Albert Abrams


Albert Abrams was an American physician and charlatan, well known during his life for inventing machines, such as the "Oscilloclast" and the "Radioclast", which he falsely claimed could diagnose and cure almost any disease. These claims were challenged from the outset. Towards the end of his life, and again shortly after his death, many of his machines and conclusions were demonstrated to be intentionally deceptive or false.

Biography

Albert Abrams was born in San Francisco December 8, 1863, although other dates have also been reported. On October 8, 1878, he inscribed at Medical College of the Pacific, worked as an assistant of Prof. Douglass and Prof. Hirschfelder, and got a medical degree on October 30, 1881. Then he went to Heidelberg, Germany, and graduated there in November 1882
before undertaking further studies in London, Berlin, Vienna, and Paris.
According to Wilson, Abrams was awarded an M.D. by the Cooper College in 1883. He served on the teaching staff of the College for a total of fourteen years: five years as Demonstrator of Pathology; four years as Adjunct to the Chair of Clinical Medicine and Demonstrator of Pathology; and five years as Professor of Pathology.
He was elected vice-president of the California State Medical Society in 1889 and was made president of the San Francisco Medico-Chirurgical Society in 1893. In the beginning of the 1900s he had become a respected expert in neurology.
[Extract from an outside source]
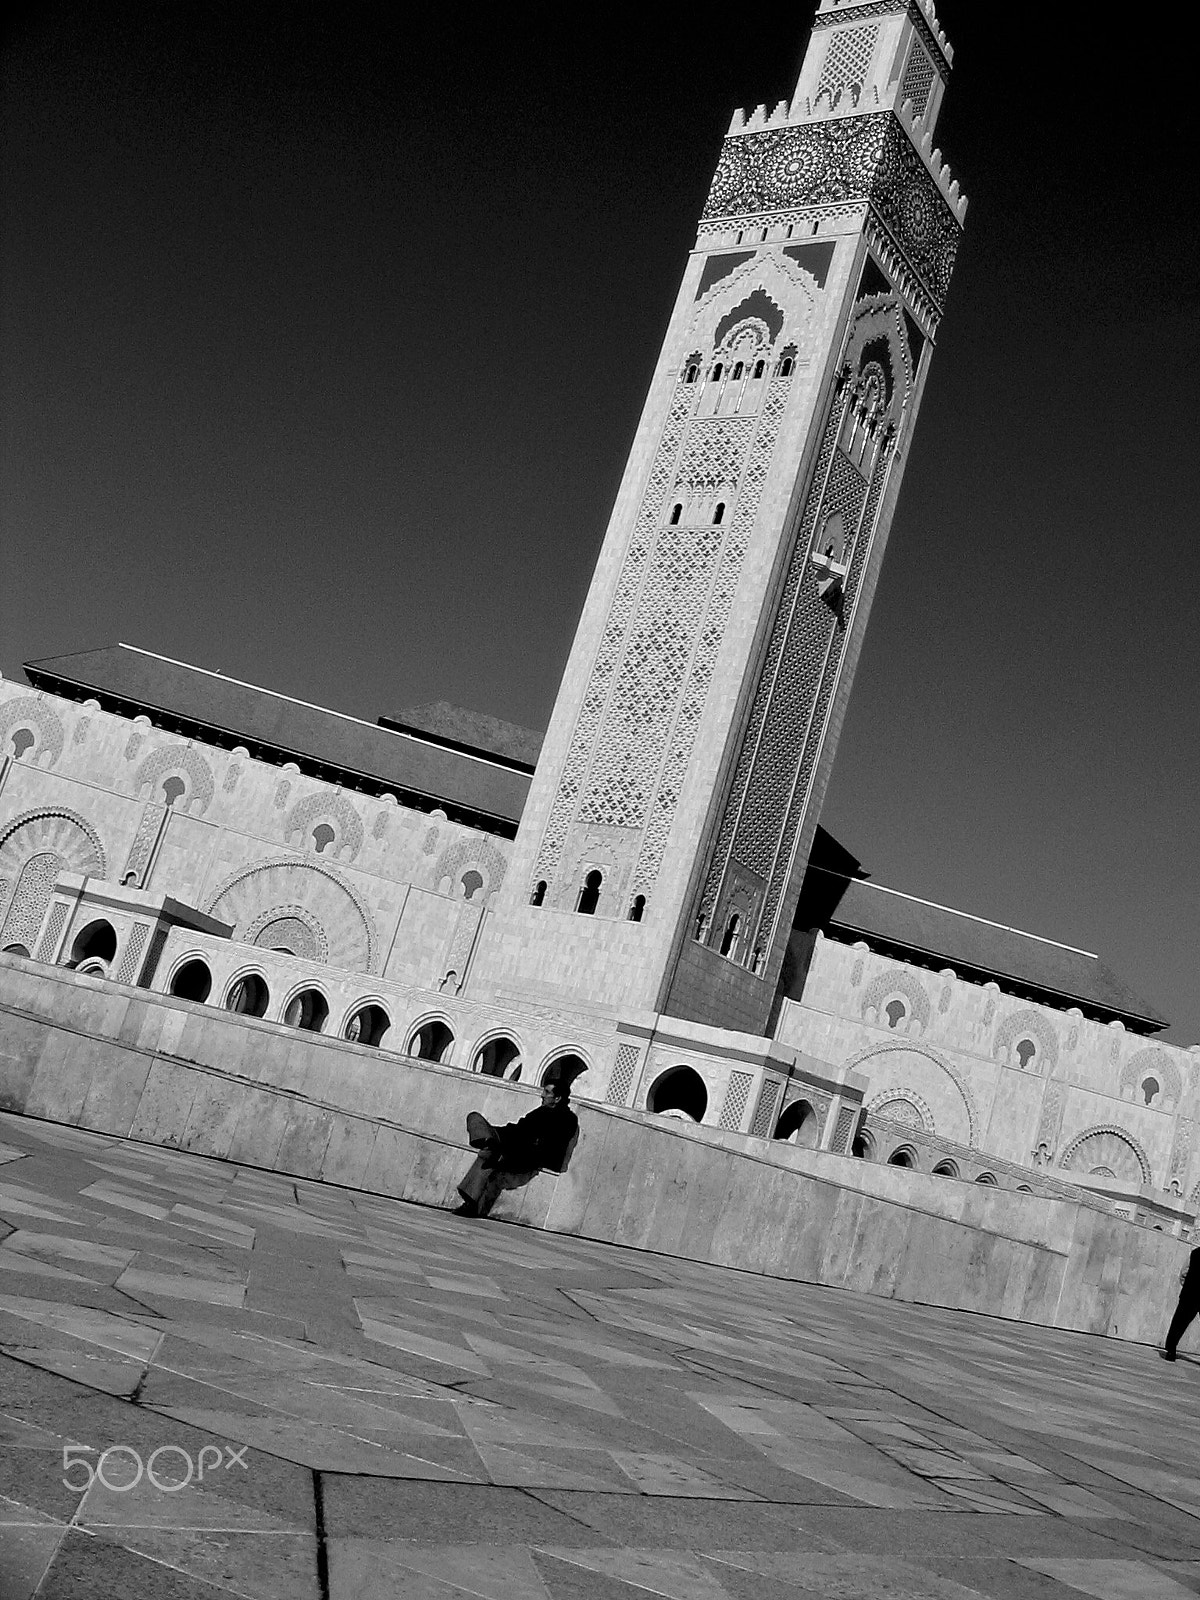 Canon POWERSHOT A75 sample photo. Casablanca photography
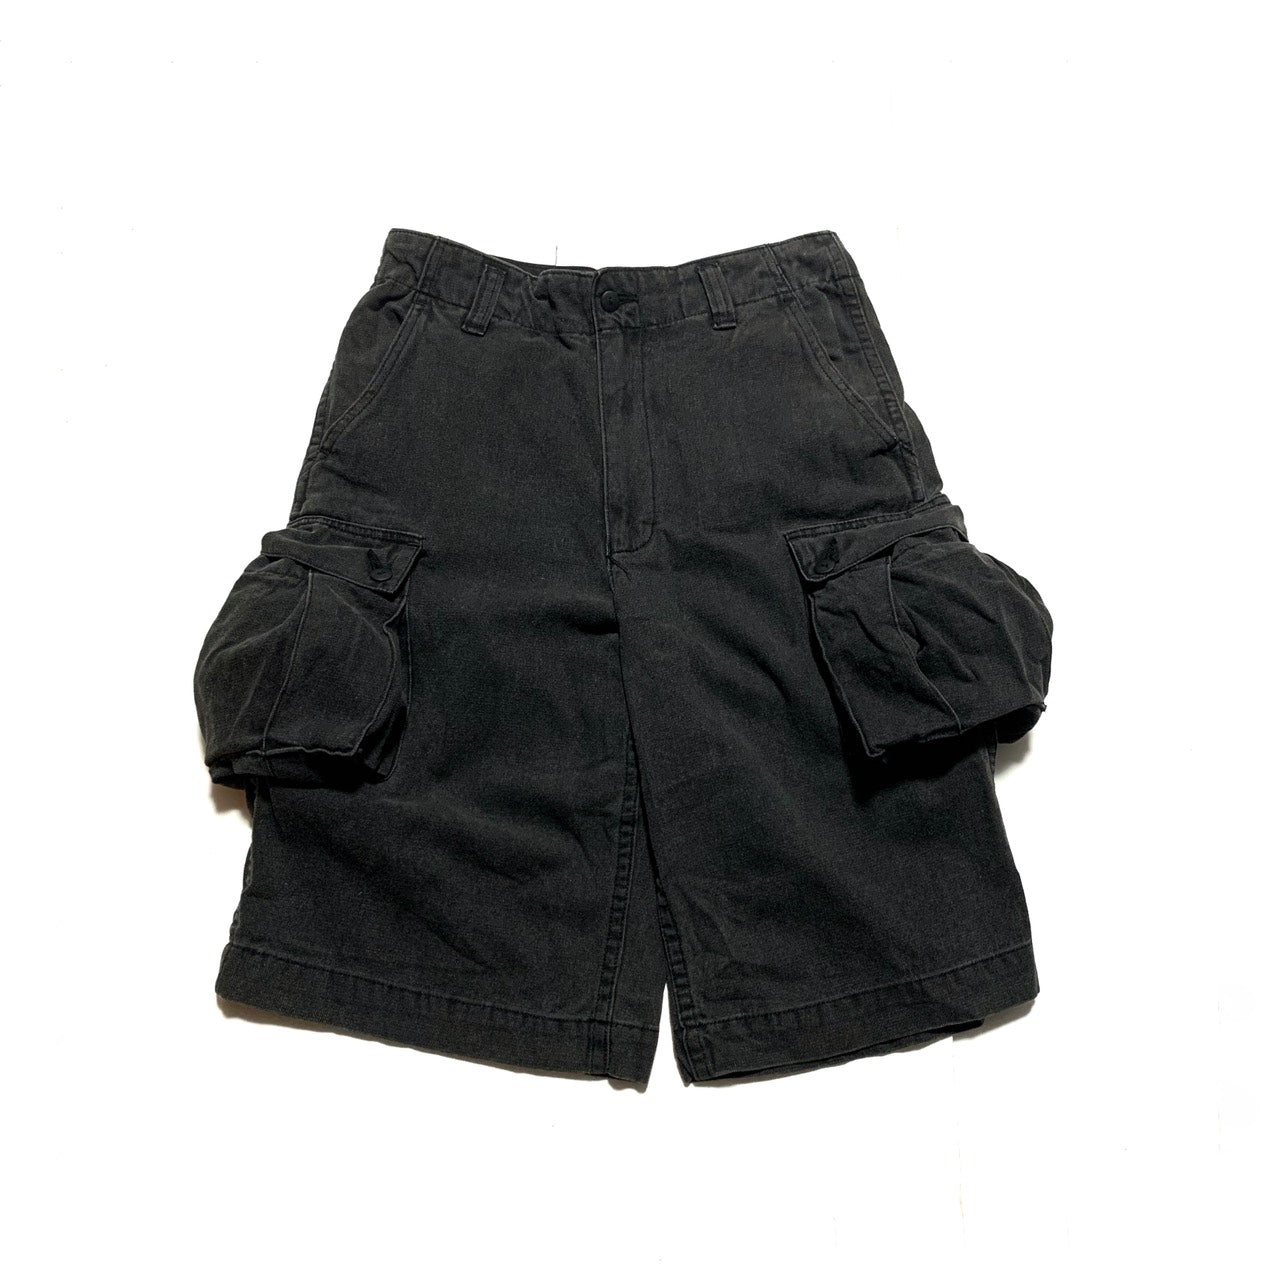 1980s Pocket Design Shorts

From 1904 he was president of the Emanuel Polyclinic in San Francisco.
Abrams published numerous books from 1891 to 1923.
He died January 13, 1924, from a broncho-pneumonia in San Francisco.

Practice

Heidelberg doctorate claim

Abrams was accused of fraudulently claiming a medical qualification from the University of Heidelberg; However documents from Archive of University Heidelberg confirm that Albert Abrams received a medical degree there on 21 November 1882.
In Abrams' view, American medicine was dominated by physicians with excessive admiration for German doctors and researchers. In earlier writings, he insulted physicians by calling them "Dr. Hades" or "Dr. Inferior", by comparing their looks to typhoid and other germs, and by making fun of various abstruse therapies that at the time were considered "scientific" by the medical establishment. In a poem that he wrote on balloon therapy, for instance, the doctors take their patients up in the air but do not know how to bring the balloon down again. The poem ends with the lines: But they never came back. That's why we confess / Aëronautic therapy is not a success.

Spondylotherapy

Abrams developed a medical technique called spondylotherapy, which was inspired by chiropractic and osteopathic ideas. The basic principle is the stimulation of nerves originating from the spinal cord, which can trigger reflex actions on viscera or inner organs. The stimulation is performed by controlled concussion with a plexor / pleximeter combination directly on the spinous processes, by sinusoidal electric currents or by application of ice. Abrams published the book Spondylotherapy in several editions between 1910 and 1918. A simplified version of spondylotherapy was first published by Alva Emeey Gregory, M.D. in 1914.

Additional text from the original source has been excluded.